Sarah doesn’t know whether it is novelty or nostalgia for her father taking her around temples in the 1920s India of her younger vacations, that made her want to go today. She decides it is possibly Krishnan’s explanation of things – an obligation for his sake. It is not where she went that was the matter but the fact that she was with him as a badge on her sleeve, a symbol that she carried. She enters the outhouse and dips the mug in the lukewarm tub of water. The floor was still wet from Krishnan’s bath, the soap on the landing wet and she feels warmly attracted to him again, not recognizing this version of herself. Emmeline Pankurst would possibly be grievously disappointed. As she poured the water over her head, a blouse and a skirt flew over the door, catching on the handle and hanging precariously. A wet towel followed, drooping somewhat apologetically.
“So sorry about the towel. Put the clothes on and come in through the back door. I have procured a sari for you!” Krishnan calls through the thin walls. “Make sure the neighbours aren’t seeing you.”

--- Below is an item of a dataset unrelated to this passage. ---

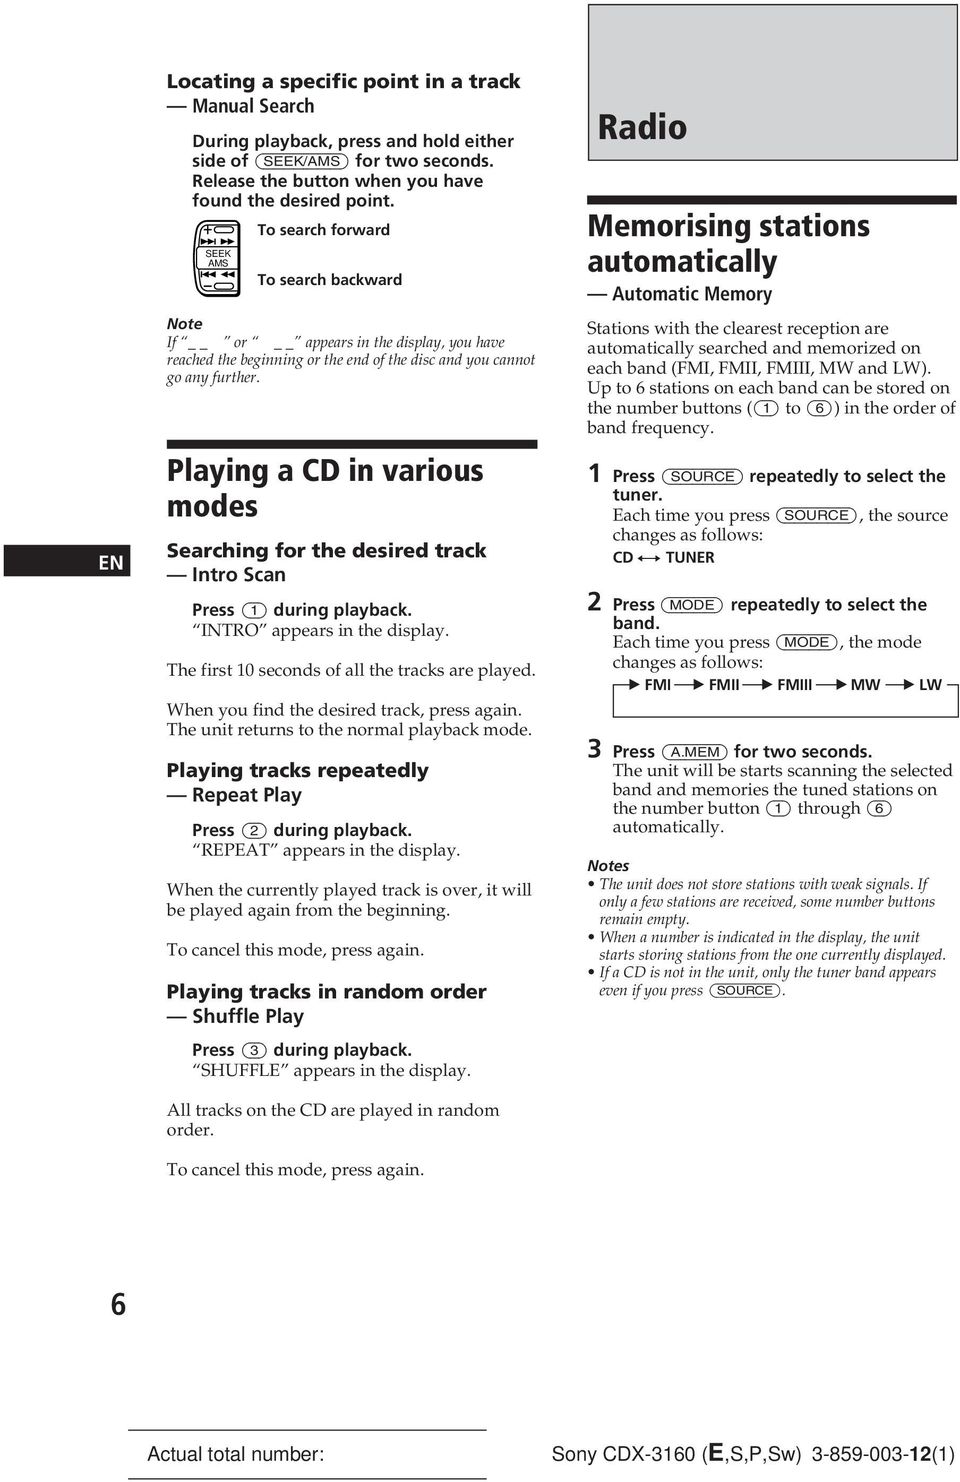 Playing a CD in various modes Searching for the desired track Intro Scan Press (1) during playback. INTRO appears in the display. The first 10 seconds of all the tracks are played.

How am I supposed to make sure of that, Sarah rolls her eyes, but softens as the last mug of water touches the small of her back. She wonders what the route to the temple is – perhaps she and Krishna could get lost in forests and run through fields before they get to a secluded, wintery location hidden deep within the woods. She takes the towel off the door, its dampness telling her it was the same one he had used. She dries her legs with it slowly, and then towels her hair, the intimacy shaking her to her core. Was this she – who had waited eagerly last year for her father and brother to come back from horse racing, who tittered in all-female Cambridge colleges with her girlfriends and drank tea demurely when possible future Counts came to visit? Sarah presses the towel against her face and believes that she may perhaps begin to feel more than mere affection.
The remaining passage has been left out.